When an alternative other than "none" is specified, or when null.value is not the default, the function performs bootstrap hypothesis testing. For equivalence and minimal effect testing, specify null.value as a vector of two values (lower and upper bounds).

The p-value is computed using the method that matches the selected boot_ci, ensuring that p < alpha if and only if the corresponding confidence interval excludes the null value (CI inversion principle). Previously, all bootstrap CI methods used the studentized (pivot) p-value, which could produce p-values inconsistent with non-studentized CIs. The null value is converted to the working scale (log-odds or Fisher z) before computing the p-value, maintaining consistency with the CI construction.

For different alternatives, the p-values are calculated as follows:

  • "two.sided": Two-tailed p-value from the bootstrap distribution

  • "less": One-sided p-value for the hypothesis that the true value is less than the null

  • "greater": One-sided p-value for the hypothesis that the true value is greater than the null

  • "equivalence": Maximum of two one-sided p-values (for lower and upper bounds)

  • "minimal.effect": Minimum of two one-sided p-values (for lower and upper bounds)

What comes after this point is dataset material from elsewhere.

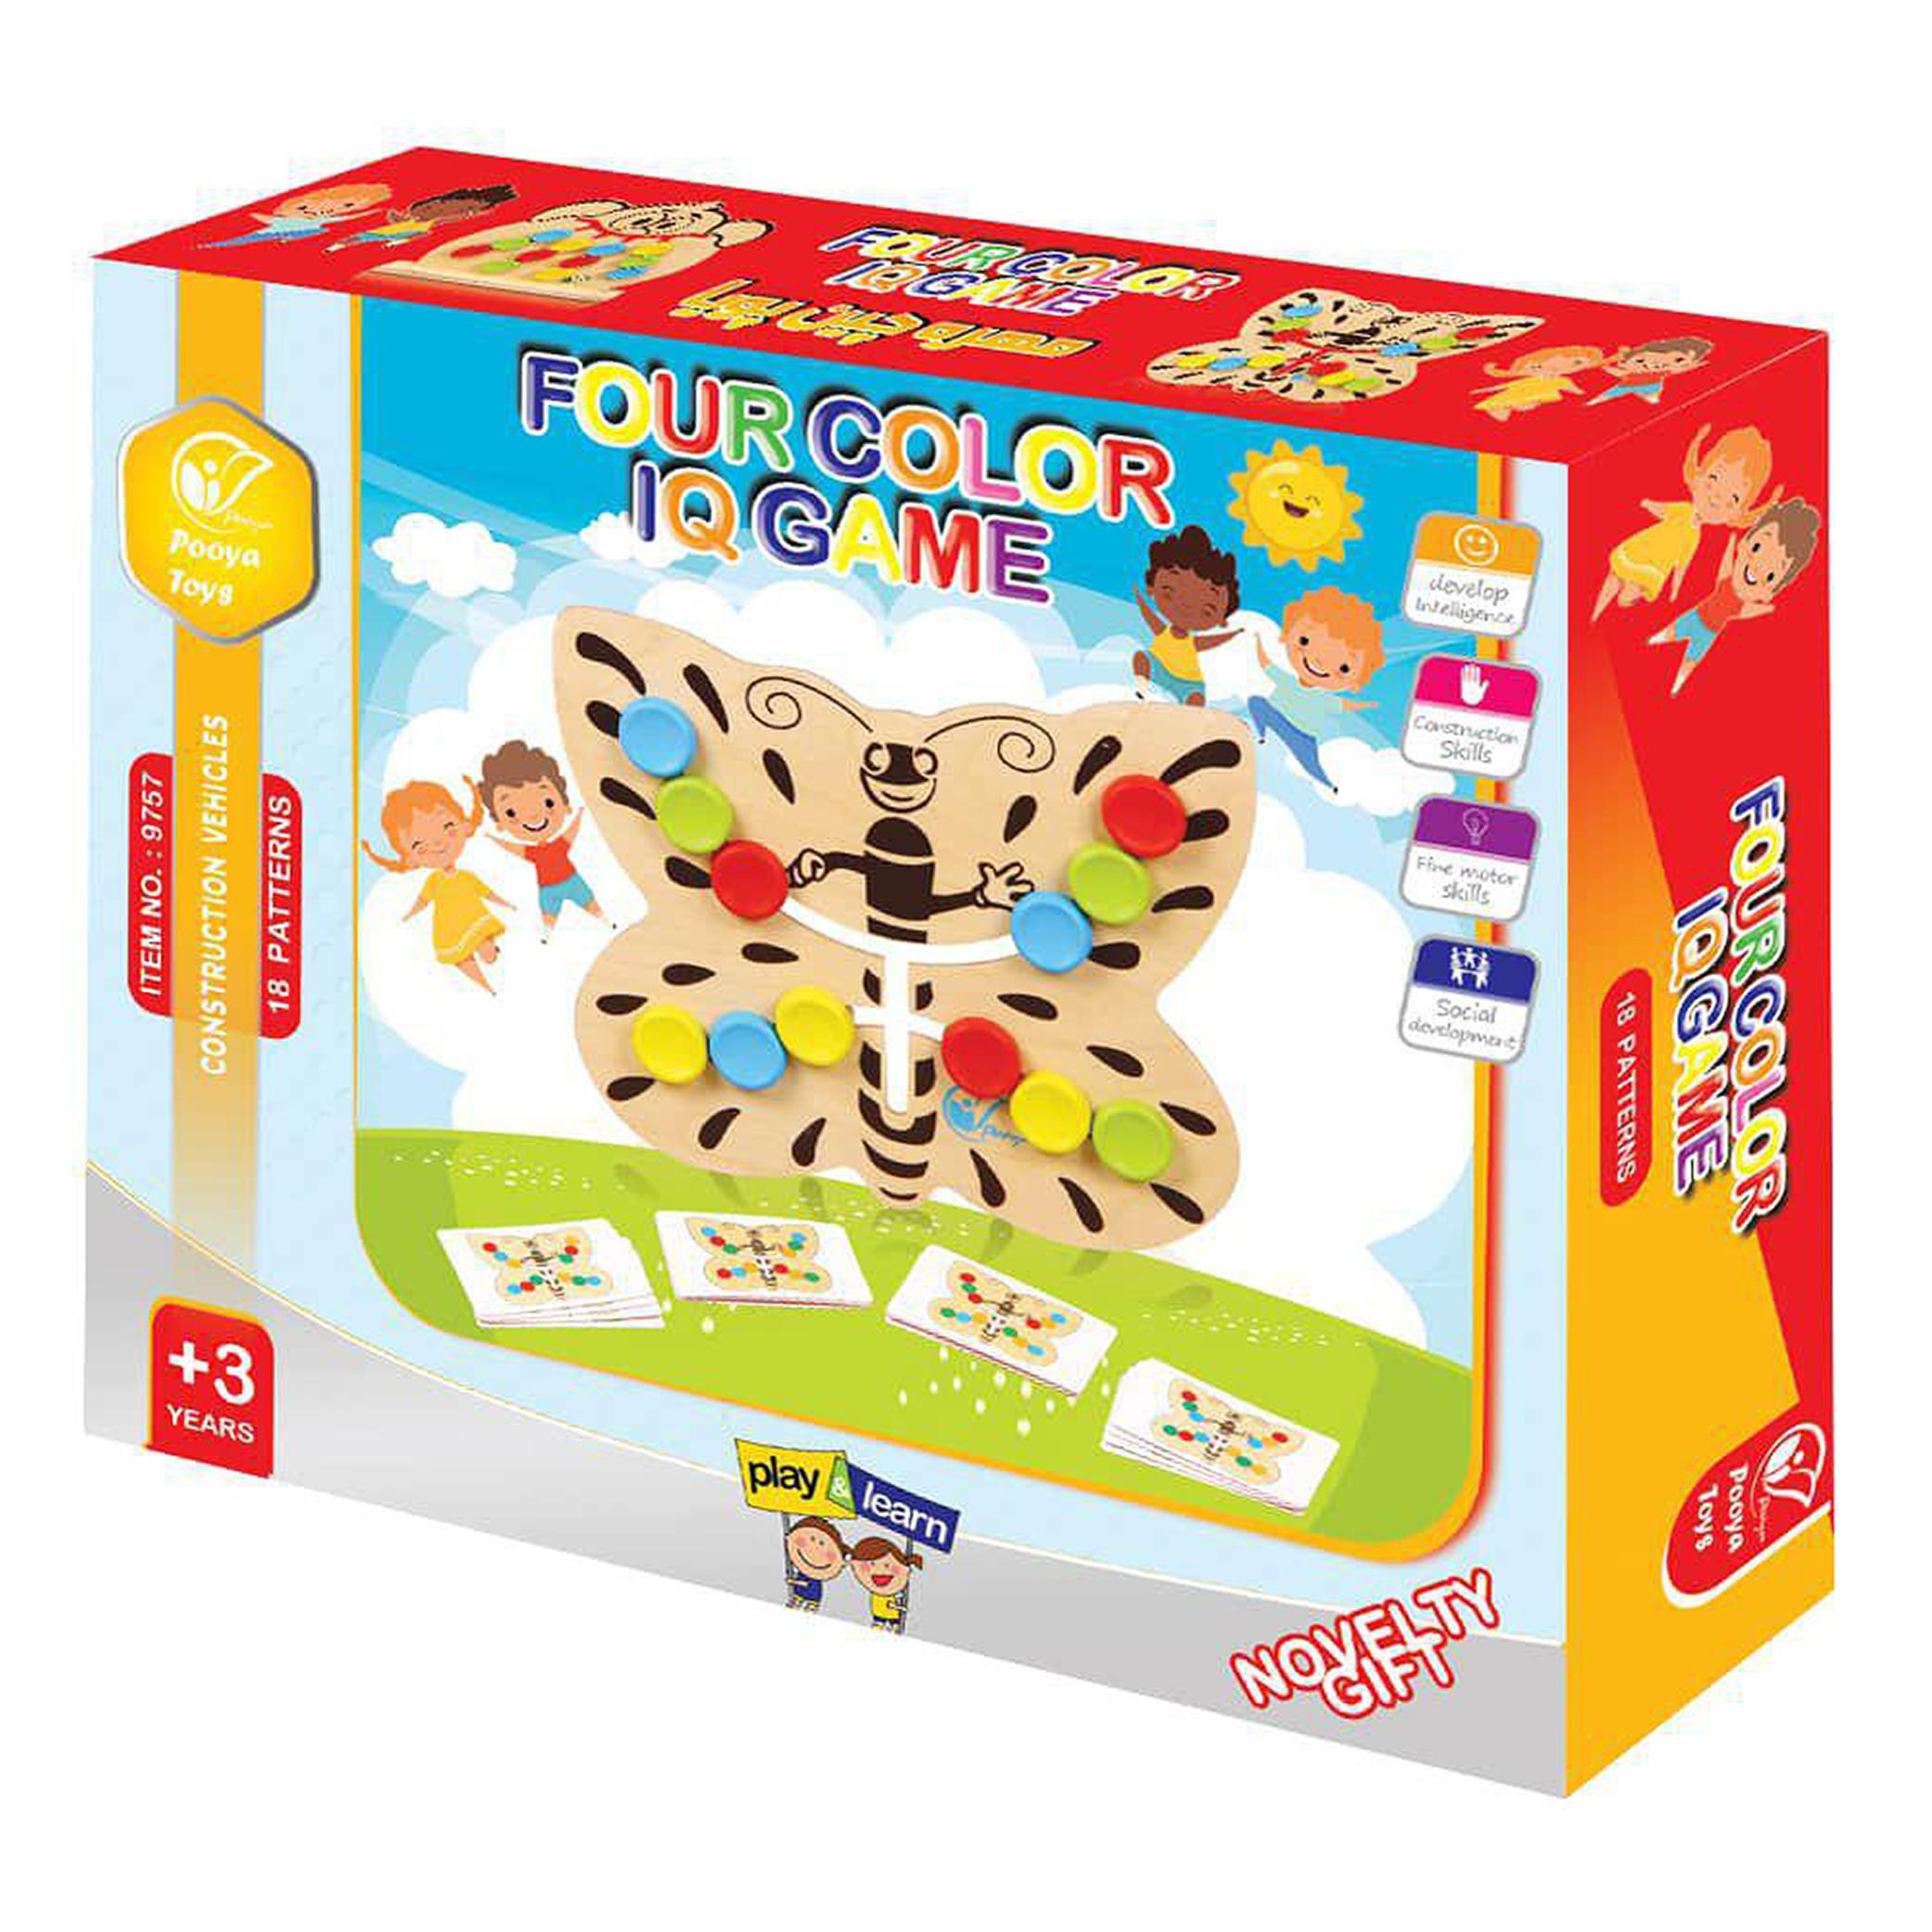 عکس بازی فکری اسباب بازی های پویا طرح مهره چین کد b76

The function supports three study designs:

  • One-sample design: Compares a single sample to a specified value

  • Two-sample independent design: Compares two independent groups

  • Paired samples design: Compares paired observations

Note that extreme values (perfect separation between groups) can produce infinite values during the bootstrapping process. The function will issue a warning if this occurs.

For detailed information on calculation methods, see vignette("robustTOST").

Edge Cases

  • Complete separation: When one group entirely dominates the other (concordance probability = 0 or 1), the bootstrap distribution collapses and CIs become degenerate. The function stops with an informative error directing users to ses_calc() with se_method = "agresti" for asymptotic inference. This condition is detected before resampling begins.

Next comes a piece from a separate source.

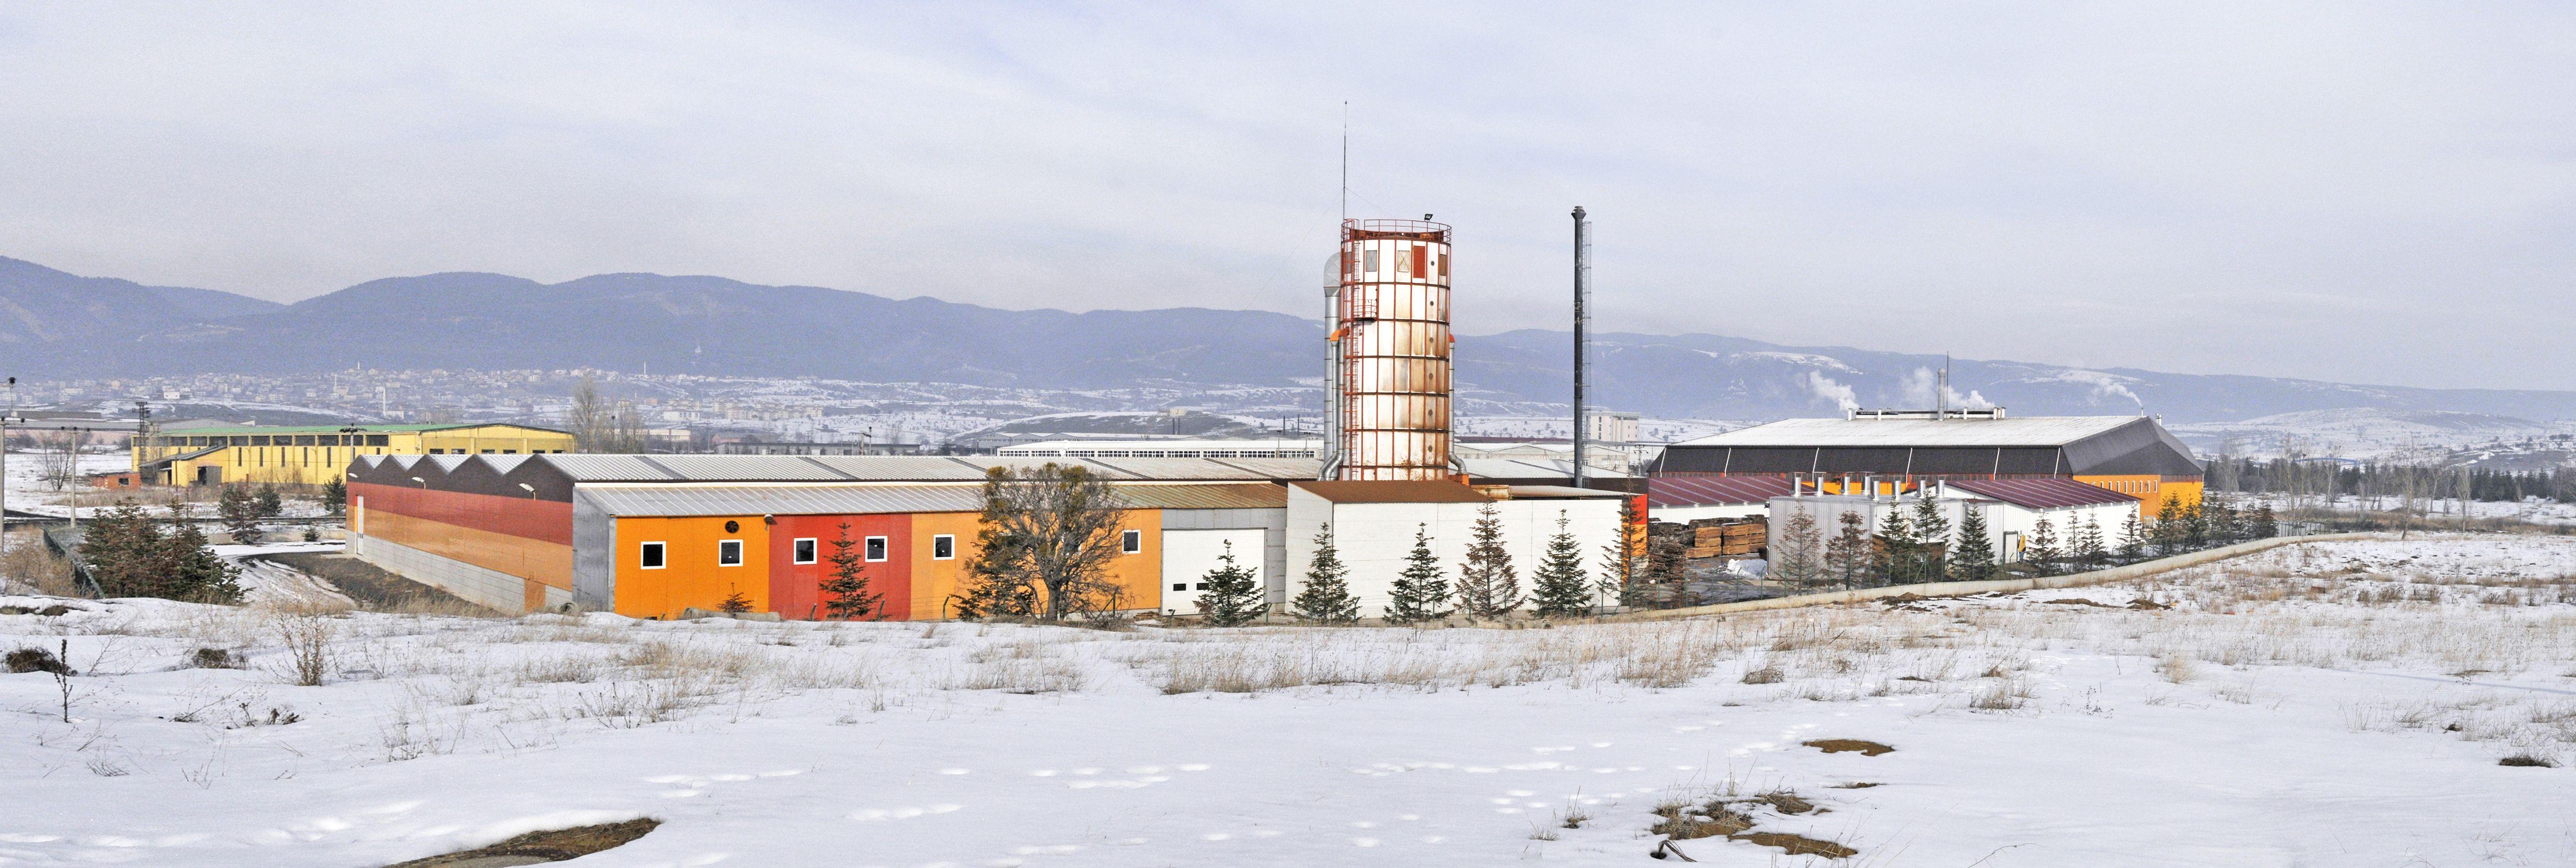 novawood yıllık üretim kapasitesi 14,000 m3 tür.

  • Near-complete separation: When the observed rb is close to +/-1 but not exactly at the boundary, the working-scale transformation (log-odds or Fisher z) helps stabilize the bootstrap but coverage may still degrade. The function issues a message when bootstrap replicates contain infinite values after transformation, which is a symptom of this problem.

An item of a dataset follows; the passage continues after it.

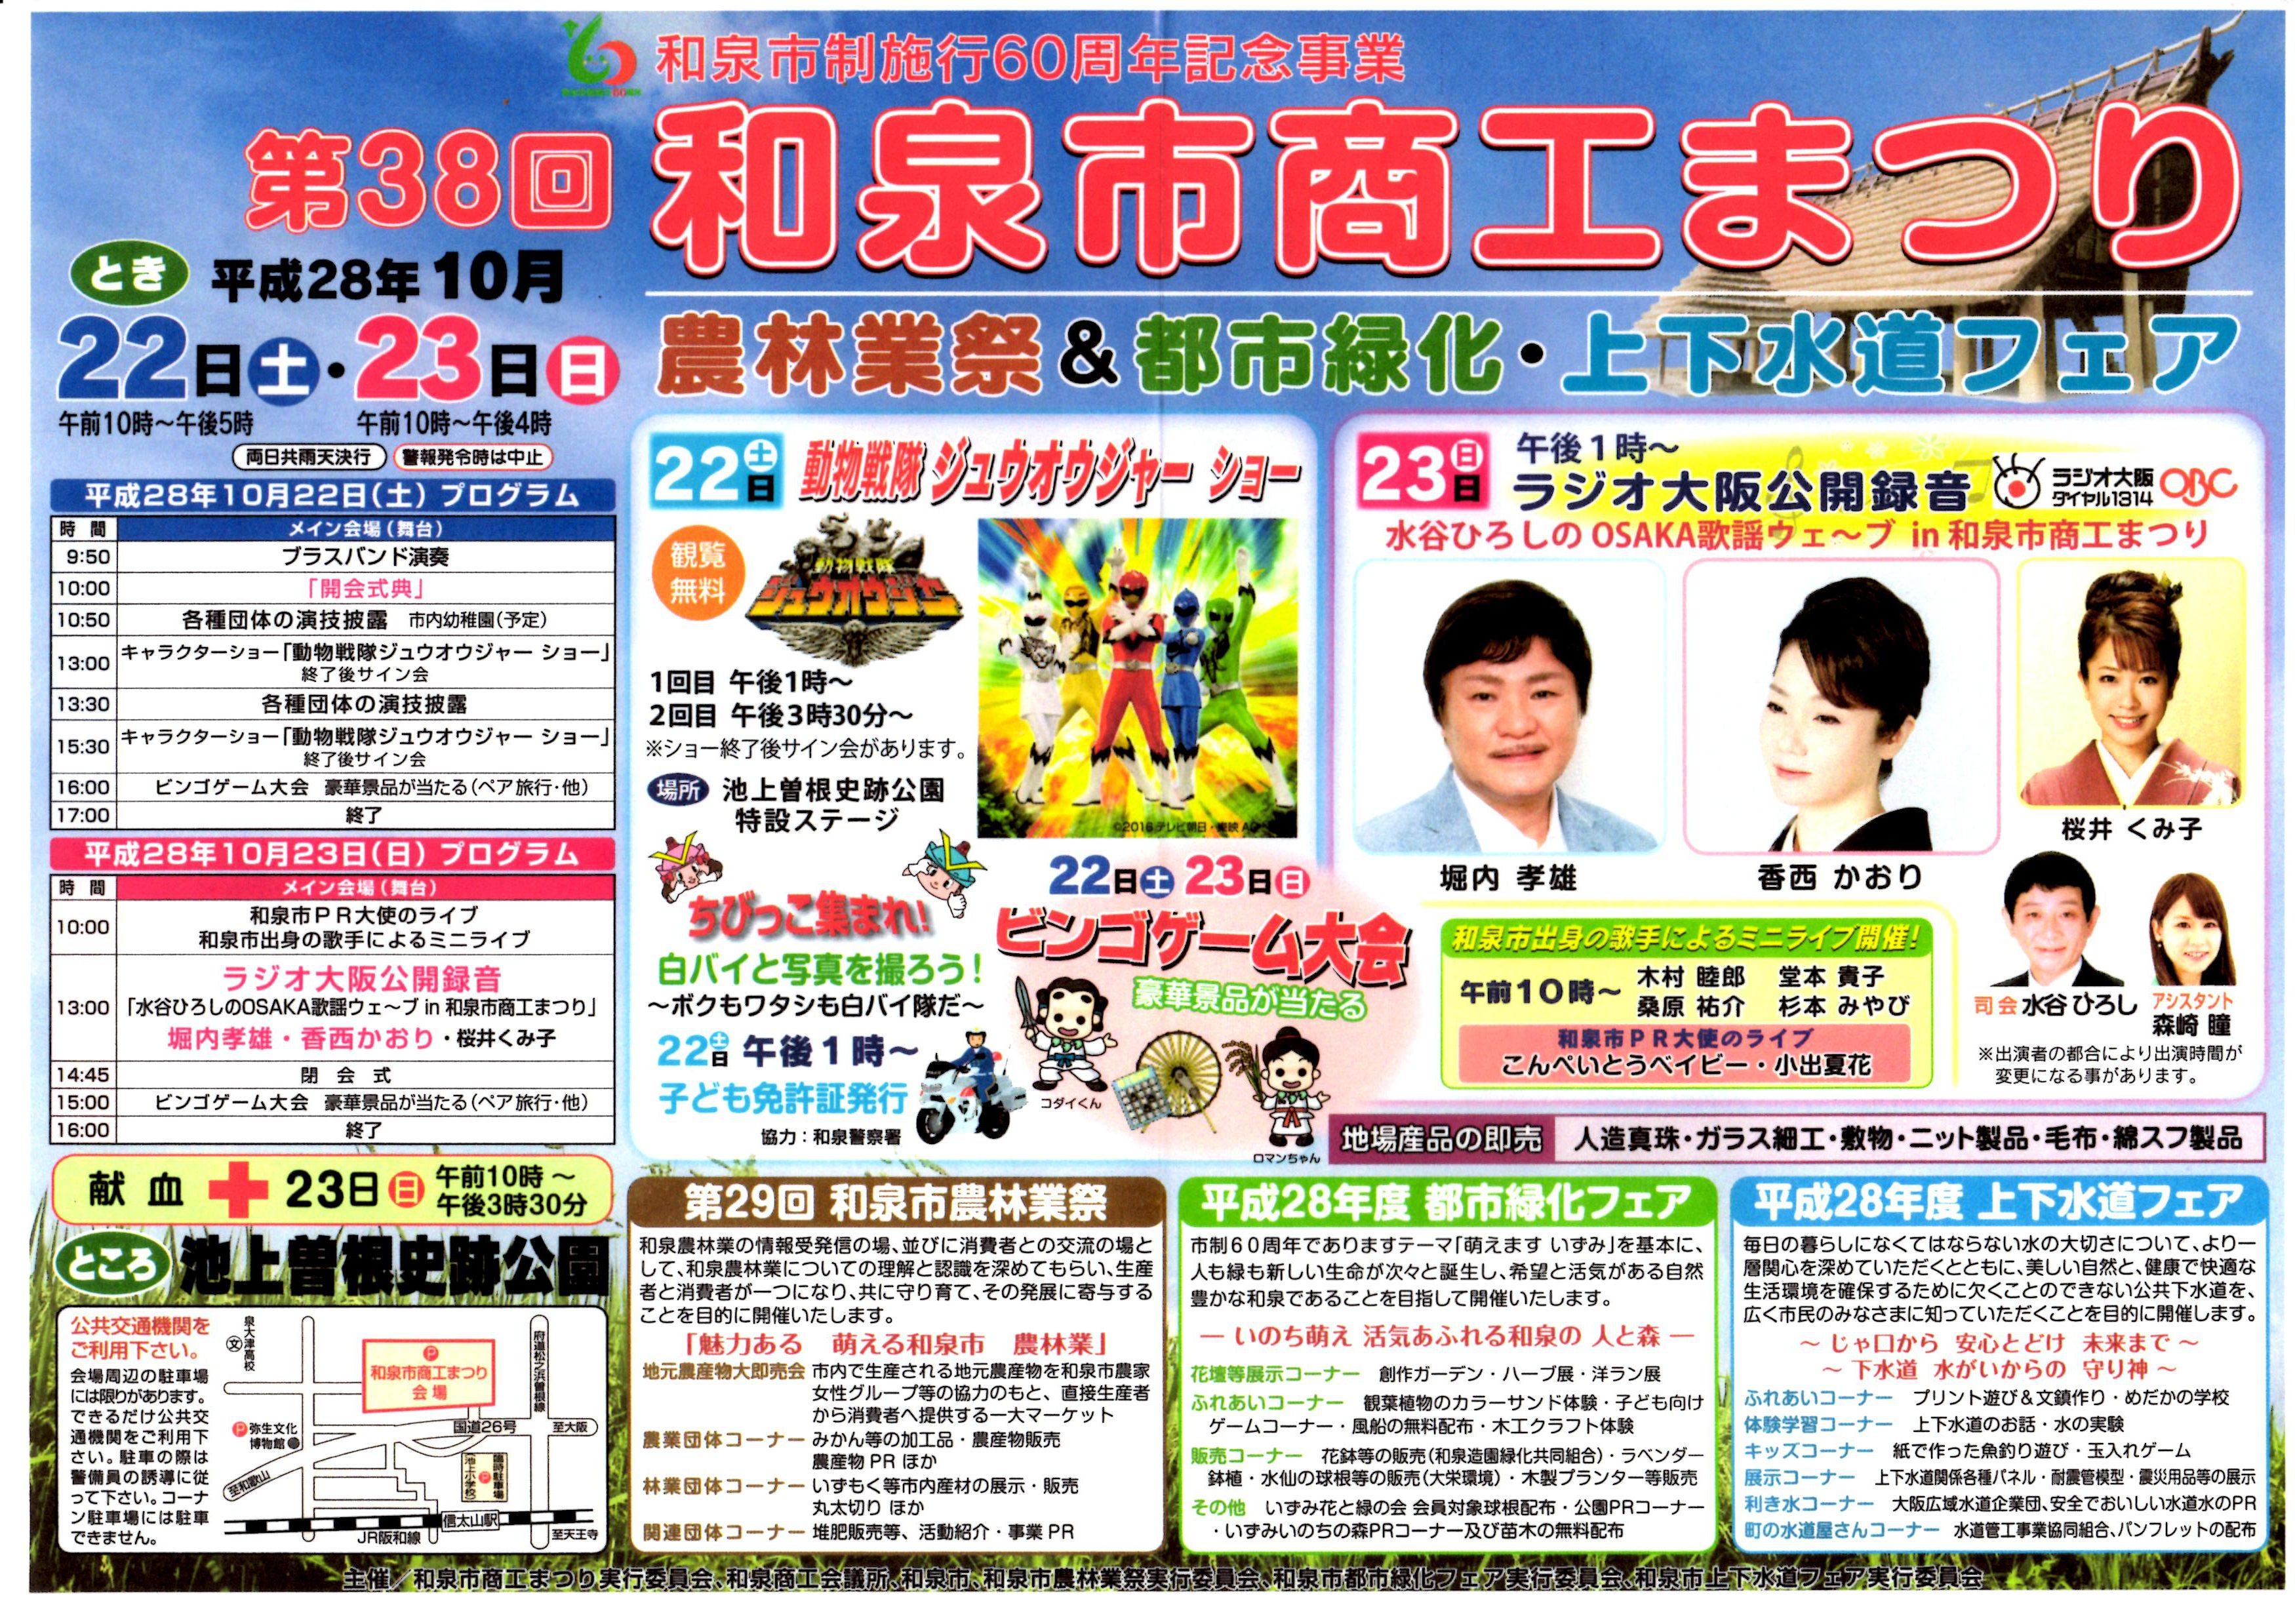 第38回 和泉市商工まつり(農林業祭&都市緑化・上下水道フェア)

  • Why the bootstrap fails at boundaries: The rank-biserial is bounded on [-1, 1]. When the observed value is near a boundary, resampled values pile up at the boundary, producing a distribution that is not well-approximated by the symmetric bootstrap CI methods (basic, percentile, studentized). The log-odds and Fisher z working scales mitigate this by mapping [-1, 1] to the real line, but the mapping itself becomes unstable as rb approaches +/-1.

  • Recommendation: For data with complete or near-complete separation, prefer the asymptotic Agresti/Lehmann interval from ses_calc(), which handles boundary behavior more gracefully through the placement-based variance estimator.

Purpose

Use this function when:

  • You need more robust confidence intervals for non-parametric effect sizes

  • You prefer resampling-based confidence intervals over asymptotic approximations

  • You need to quantify uncertainty in rank-based effect sizes more accurately

  • You want to perform hypothesis testing with bootstrap methods

References

Agresti, A. (1980). Generalized odds ratios for ordinal data. Biometrics, 36, 59-67.

Bamber, D. (1975). The area above the ordinal dominance graph and the area below the receiver operating characteristic graph. Journal of Mathematical Psychology, 12, 387-415.

Efron, B., & Tibshirani, R. J. (1994). An introduction to the bootstrap. CRC press.

Lehmann, E.L. (1975). Nonparametrics: Statistical Methods Based on Ranks. Holden-Day.

Examples

# Example 1: Independent groups comparison with basic bootstrap CI
set.seed(123)
group1 <- c(1.2, 2.3, 3.1, 4.6, 5.2, 6.7)
group2 <- c(3.5, 4.8, 5.6, 6.9, 7.2, 8.5)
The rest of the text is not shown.